Don Mahaffey Weaver II says
Great Read and Story! Thanks for the humanization.
Freddie says
It’s not that I write, or what I write. But that I write whatever it is and, though satisfied, feel that someting is amiss. Something that very well could have been remedied by a second opinion.
Alice says
Normally not the person to react. But couldn’t help myeself just now.
Who says, simply because they became superstars, that you weren’t spot on about the performance that night?
And about the audiance for that matter?
Sure you can change your opinion, but it was true at that moment in your experience. Never be sorry for that!
Hugo Traeger says
I thought it was OK. You commented on the experience, not the music. And it felt like an accurate depiction. I was one of 2 or 3 males in the audience when I saw the Beatles in Chicago September (?) 1964. I remember the excitement and screaming but I don’t think that I heard a note of the music.
Greg Strandberg says
Yes, my site’s most popular blog article. Maybe I don’t regret writing it so much as the reaction. Still, with a blog post you control it, right? You can delete it anytime. Well, yeah, but who knows who may have saved that post somewhere to throw out at you when you’re least expecting it?
And oftentimes that thing we may regret we may secretly like too. Perhaps it’s the only thing bringing us attention. That can also be incredibly sad as well.
Alan Rinzler says
Anne,
Thanks for the kind words. You’re right, who knew then what megastars they’d become. But in retrospect the Beatles were an extraordinary band and for a brief, shining period (I’d say 1965 to 1970) they went way beyond being being ordinary bestselling recording and performing superstars like the Rolling Stones or the Beach Boys. Without consciously trying, their words and lyrics seemed to represent our deepest collective feelings in the sixties, from hope to disappointment, inspiration to despair, until, as Lennon said in 1970 “The dream is over”.
The songs they wrote (including Lennon, McCartney, and Harrison, too) are still wonderful but I think more meaningful to those who came of age in the sixties, the aging baby boomers, than for younger folks today.

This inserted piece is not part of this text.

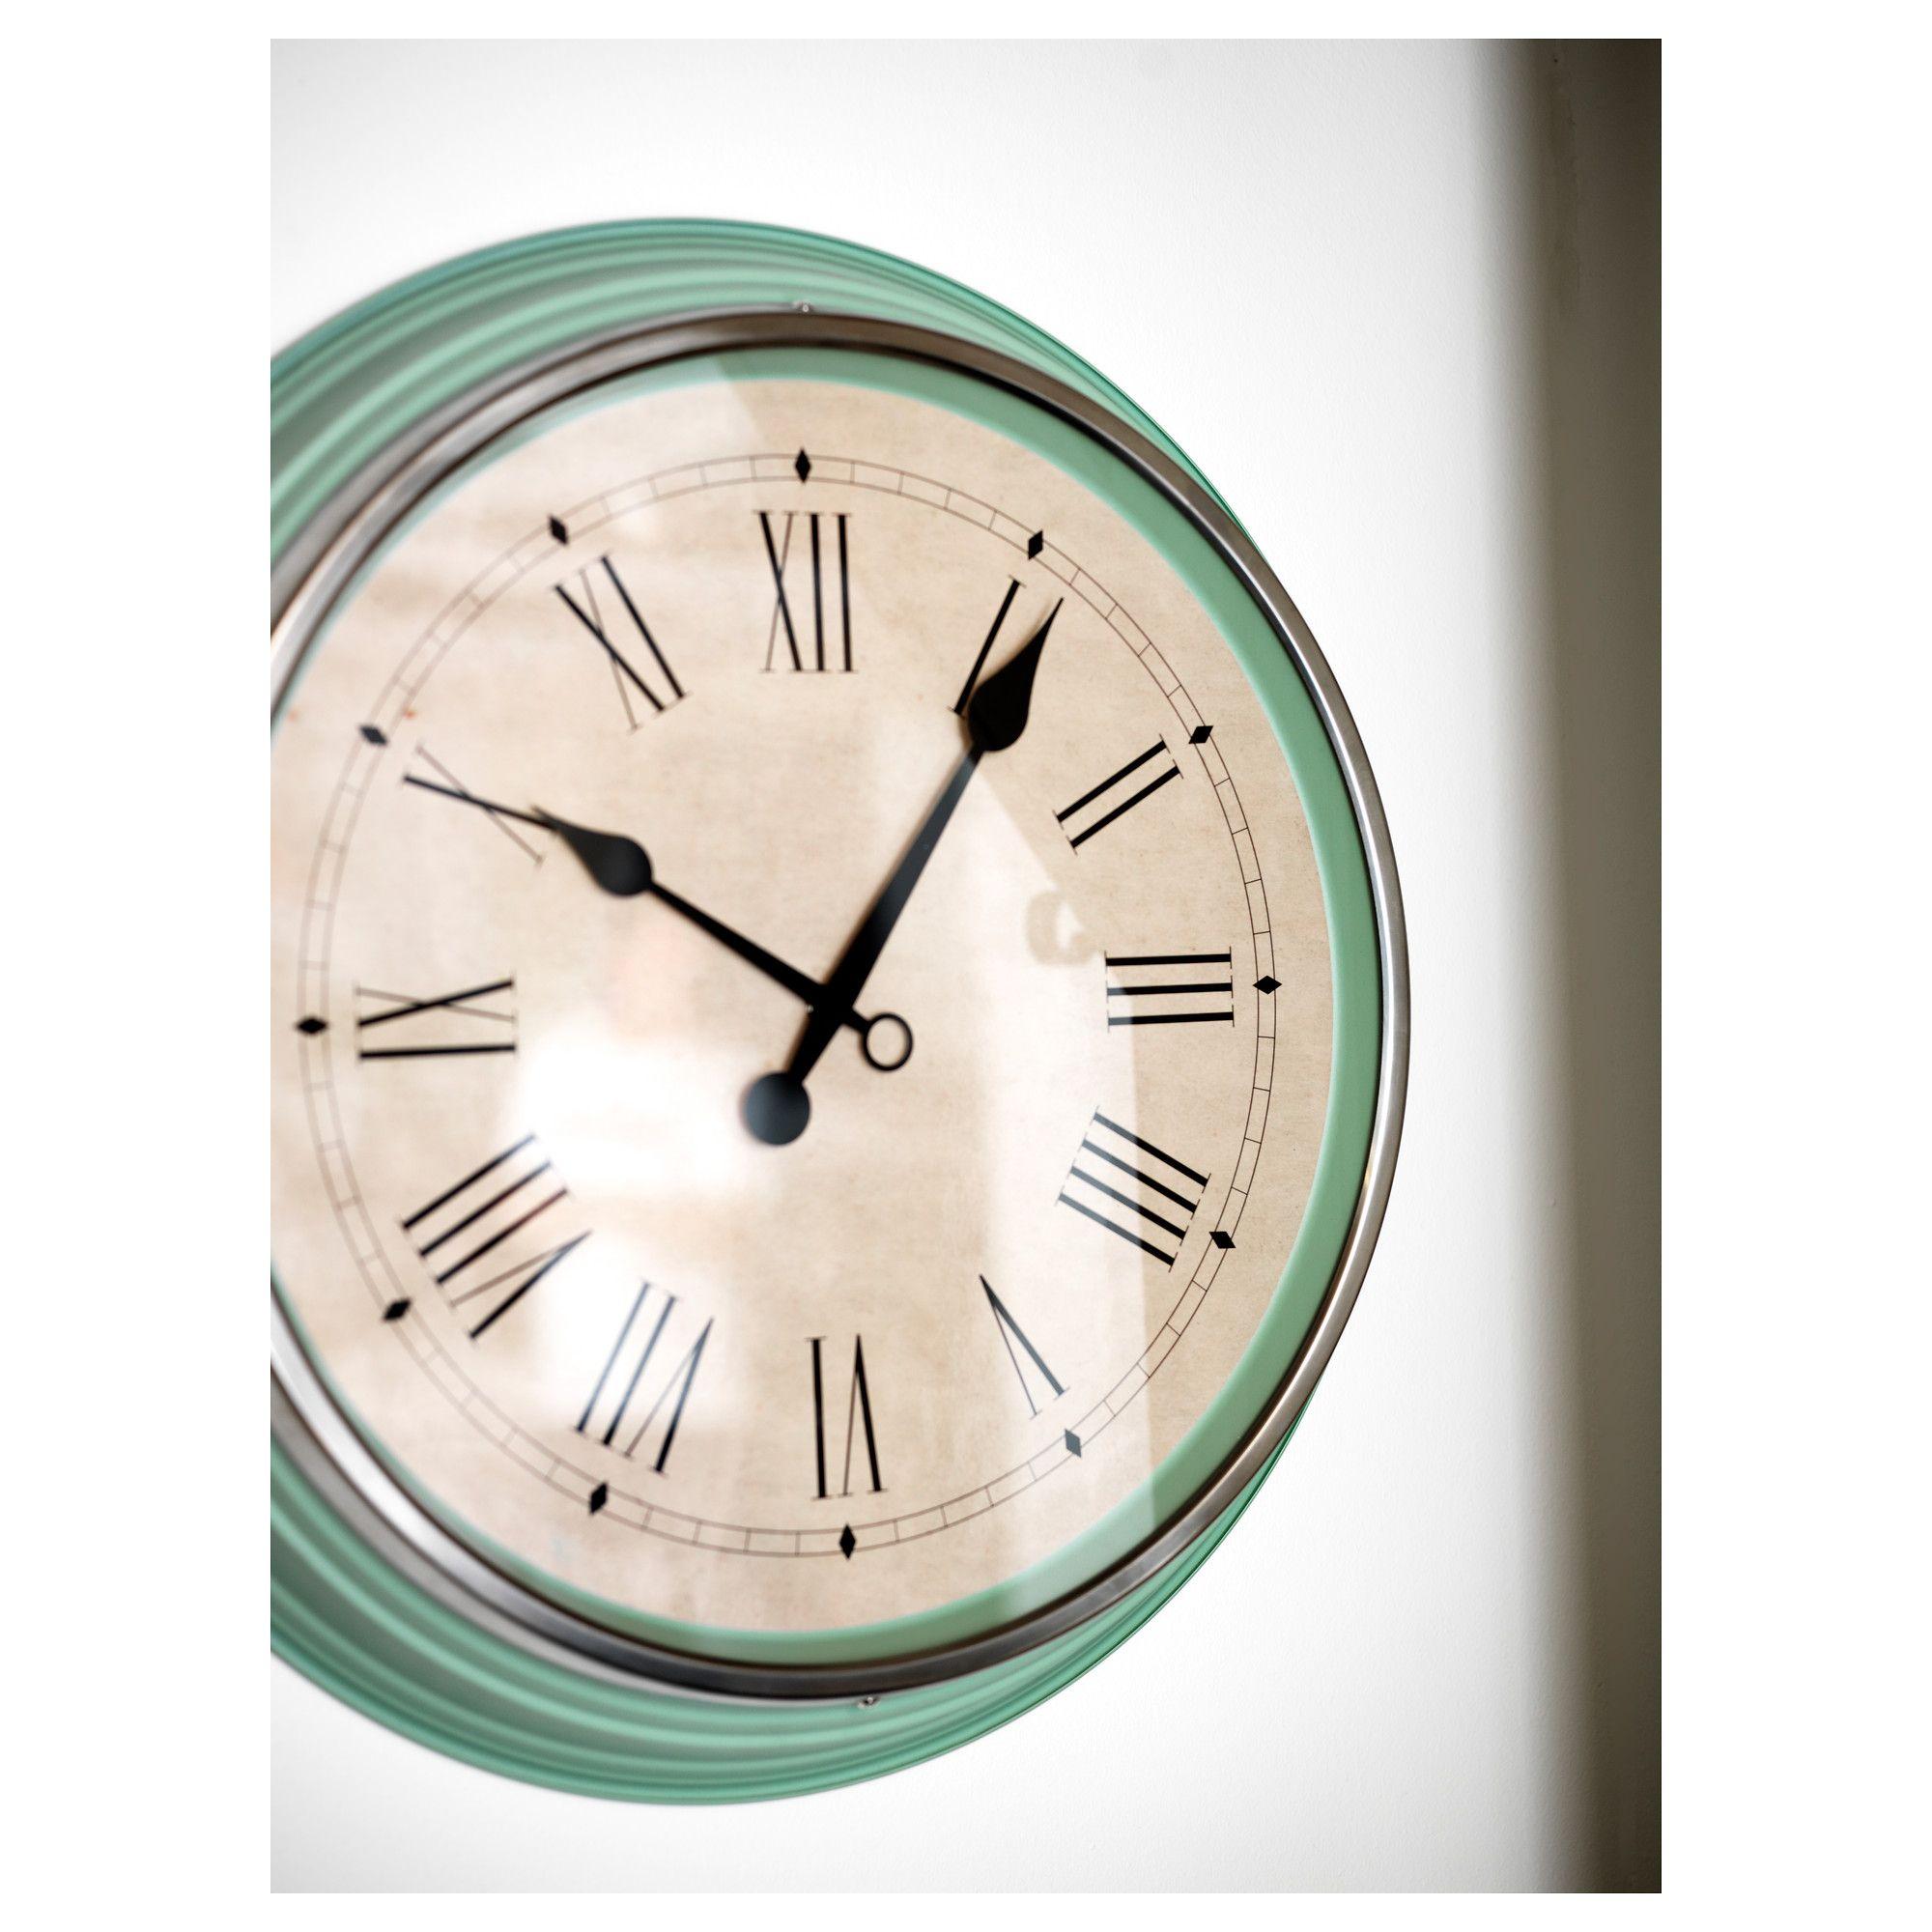 Ikea Skovel Wall Clock Green Products Pinterest Wall Clocks

I’m glad to have seen them from their first performance and been swept up in the collective dream.
anne gallagher says
I don’t think the review was all that bad. You took your personal experience from that night and put it on the page. You found each of the band members nuances. John’s looking off stage. Paul’s embarrassment over his unplugged guitar, Ringo being Ringo. And I have to agree. When they first came to the US they were only looking to make money. Who knew they would be become megastars? Don’t beat yourself up. I wouldn’t. I rather liked the review.
R.E. McDermott says
Don’t feel badly. Whenever I think of things I wished I hadn’t said, all always remember this quote from my father circa 1956.
“Huh. Six months from now, no one will even remember who Elvin Pressler is.”